A father who was arrested for allegedly killing his 6-year-old adopted daughter previously has been convicted of multiple felonies prior to adopting the victim. For some, the revelations have raised additional questions about how he and his wife were able to pass background checks and obtain state licenses to foster and adopt multiple children.
Isaac K. Kalua III and his wife Lehua Kalua were charged with second-degree murder in the presumed death of their daughter Isabella “Ariel” Kalua. The husband reportedly has a checkered criminal past that includes convictions for several violent felonies.
According to records obtained by Business Insider, the 52-year-old Isaac in 2000 was convicted on four counts of felony assault in addition to one count each of attempted assault and terroristic threatening. Per the report, Isaac pleaded guilty to all of the aforementioned charges and was sentenced to serve five years of probation.
Lehua also reportedly had at least one run-in with law enforcement in 2001 when she was indicted on one count of felony drug promotion. However, that charge was dismissed after she completed a court-ordered drug program, per HawaiiNewsNow.
Under Hawaii state law, any person seeking to become an adoptive parent is subject to a criminal background check and the Department of Human Services “may deny” an application if, among other things, any adult in the prospective home “has been convicted of an offense for which incarceration is a sentencing option.”
In addition to the criminal histories of the Kaluas, Insider obtained records that reportedly show Isaac in June 2020 declared bankruptcy. Isaac reportedly listed Ariel and her two siblings, all of whom the Kaluas formally adopted in January, as dependents on his bankruptcy petition. The Kaluas previously fostered the children for several years after their biological mother lost custody due to housing issues and substance abuse.
The horrific acts of abuse and torture the Kaluas are accused of committing against Ariel have left the island community in shock, particularly since the couple triggered a massive multi-agency search when the husband and wife reported Ariel missing in mid-September. Investigators now believe the girl was killed by the Kaluas on Aug. 18 and that her body was subsequently disposed of.
According to a police affidavit released Friday, Isabella’s 12-year-old sister told investigators that “she was asked to keep a secret by Lehua and Isaac regarding what happened” to her little sister.
“[The sister] stated that the secret was that [Isabella] was in the bathroom in a dog cage, duct tape on her mouth and nose, and she didn’t wake up,” the affidavit states. “[The sister] further stated that she, the two smaller children, Isaac and Lehua were sleeping when they got up at 3:32 a.m. Lehua and [The sister] went to check on [Isabella] in the bathroom and [Isabella] ‘didn’t wake up.’ [The sister] then was told to go back to sleep and Isaac and Lehua stayed up.”

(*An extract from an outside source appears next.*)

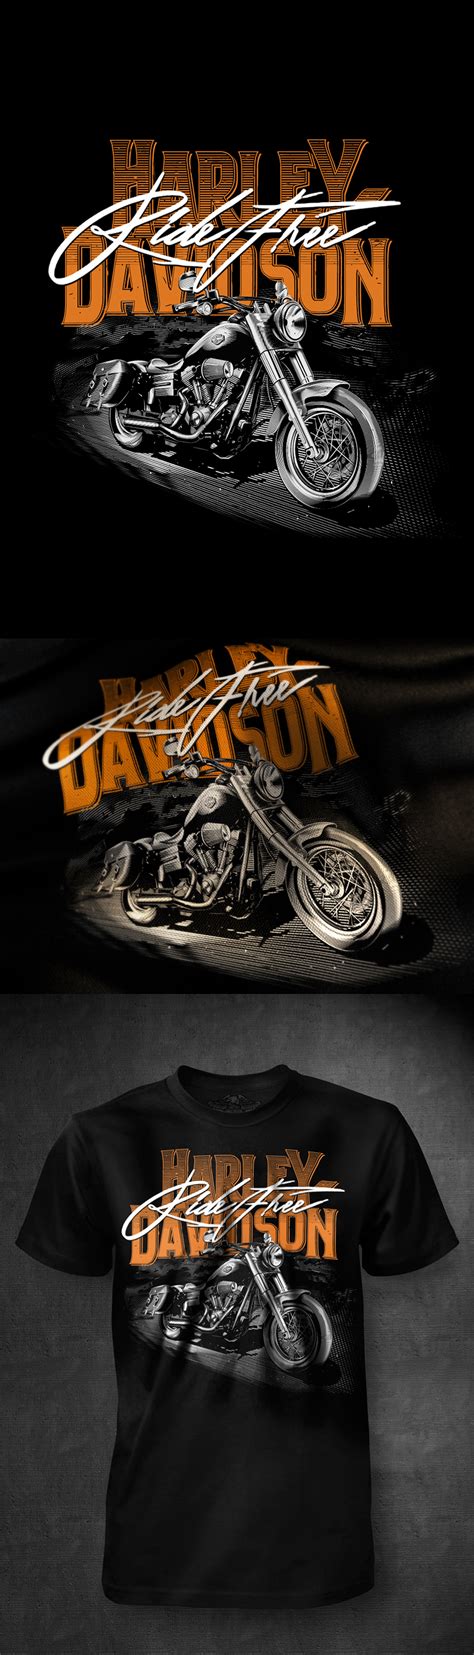 T Shirts Designs For Harley Davidson On Behance

Lehua allegedly put Isabella in a cold bathtub to try and wake her up; when that didn’t work, the sister said she woke up Isaac, authorities say. Two other children identified as I.L.K. and A.J. were also in the home at the time but were said to have been asleep.

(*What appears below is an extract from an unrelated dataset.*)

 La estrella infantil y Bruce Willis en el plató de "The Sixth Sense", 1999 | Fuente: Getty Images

Police said the sister told them she had been keeping the secret for approximately two months but “knows [Isabella] is dead because she was there” and was forced to help Lehua move Isabella’s body from the bathroom to her bedroom.

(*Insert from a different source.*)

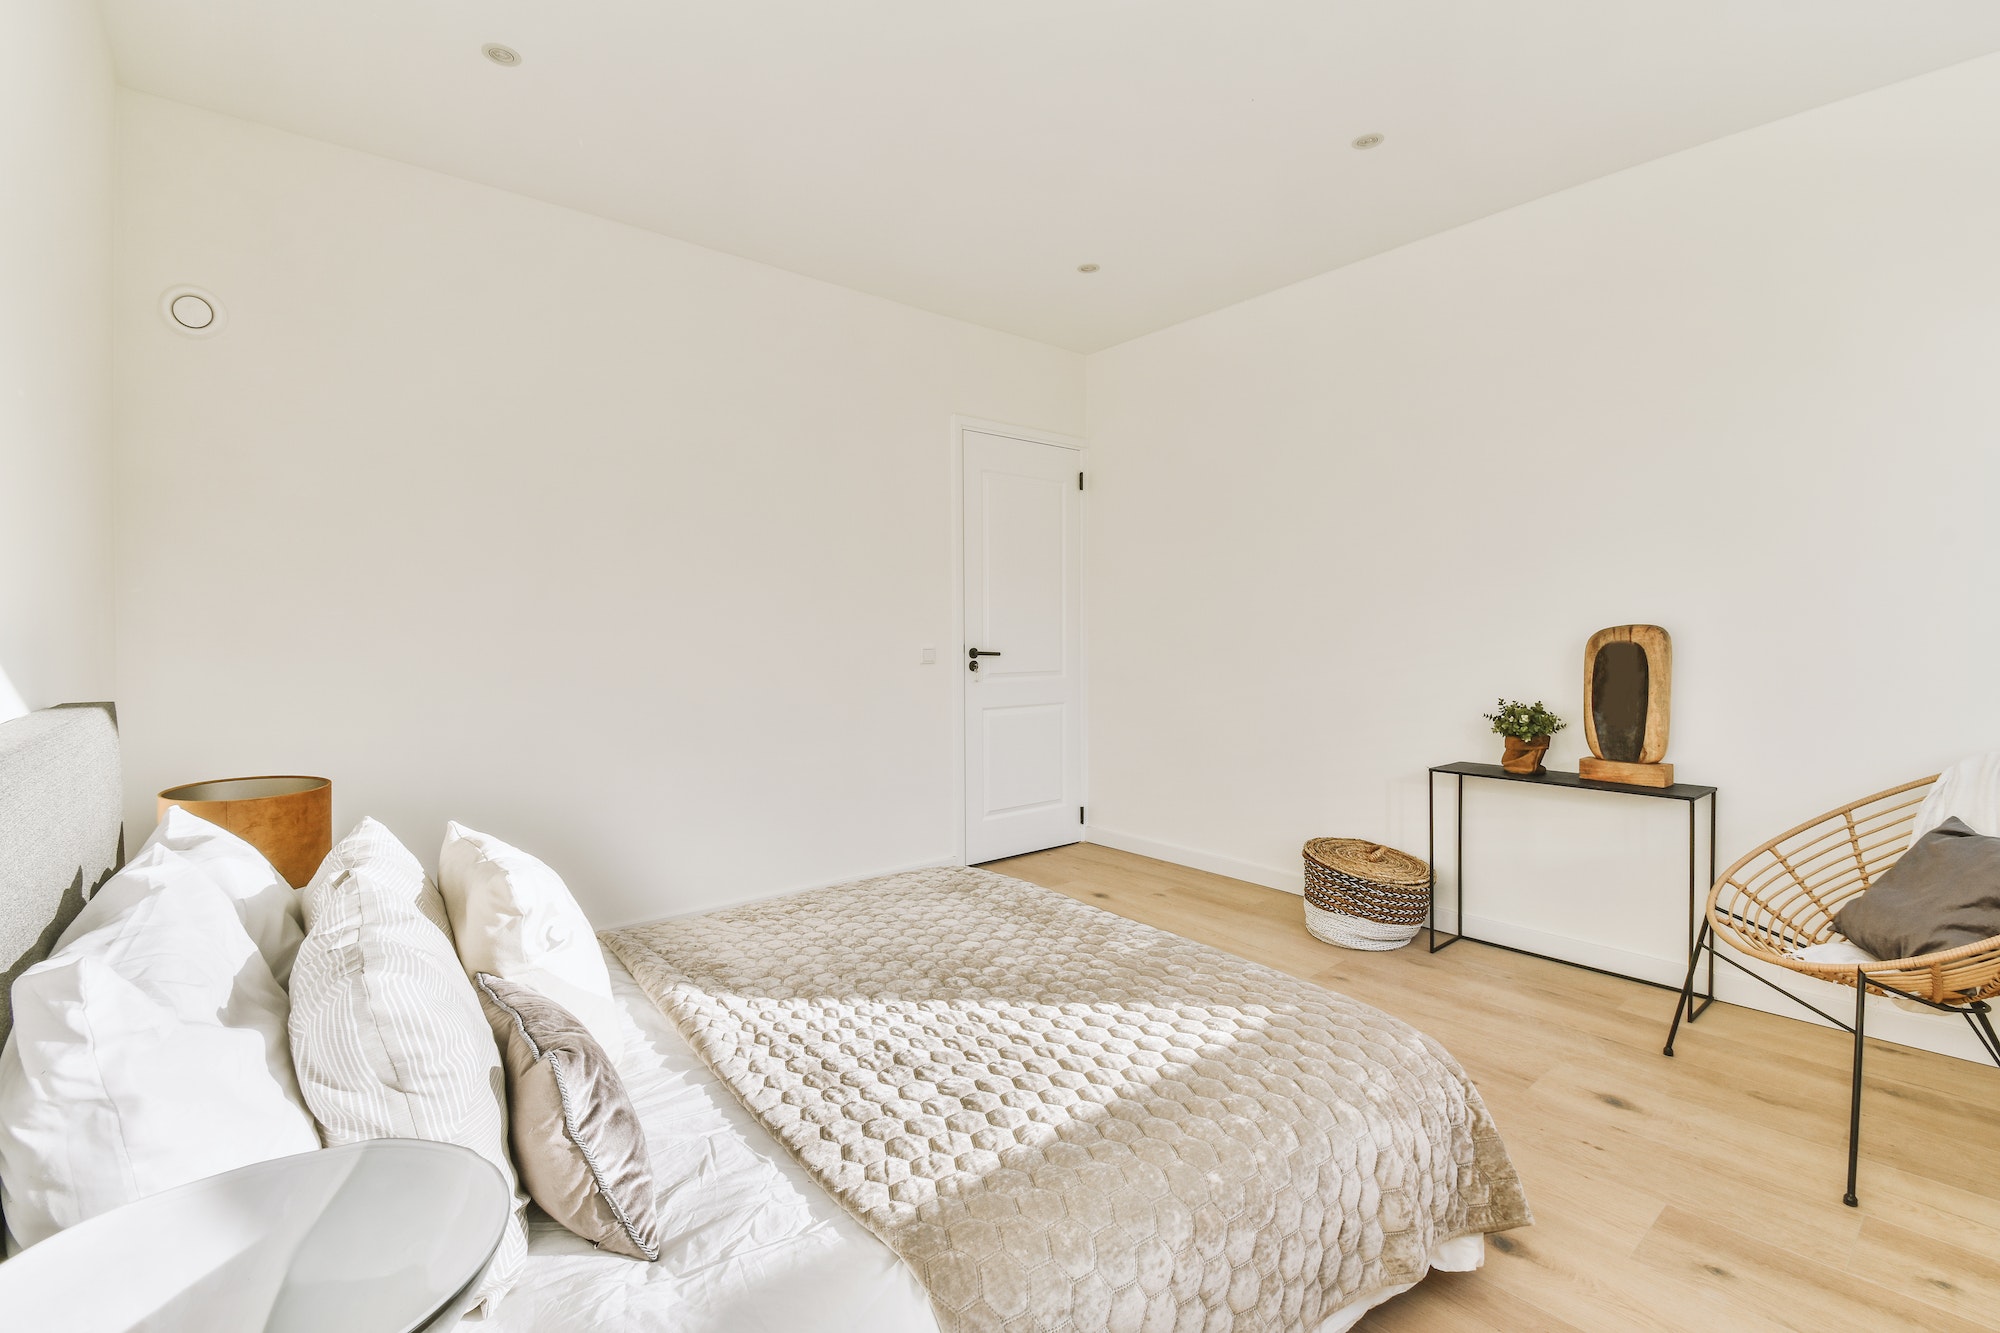 Bedroom with minimalist style furniture

Citing comments by the sister, investigators have said they believe Isaac faked contracting COVID-19 to get out of work so the Kaluas could get rid of Isabella’s body. Police say he took approximately two weeks off from work, beginning on Aug. 20 and even went to the hospital to seek treatment.
The torturous abuse of Isabella at the hands of her parents happened regularly, the sister told investigators. She said she’d seen Lehua “put duct tape” on her little sister “plenty of times” and said Isaac was well aware of the tactic, the police indicated.
A judge on Friday ruled that the Kaluas are to remain in pretrial detention without bond. Prosecutors argued that the couple posed a flight risk.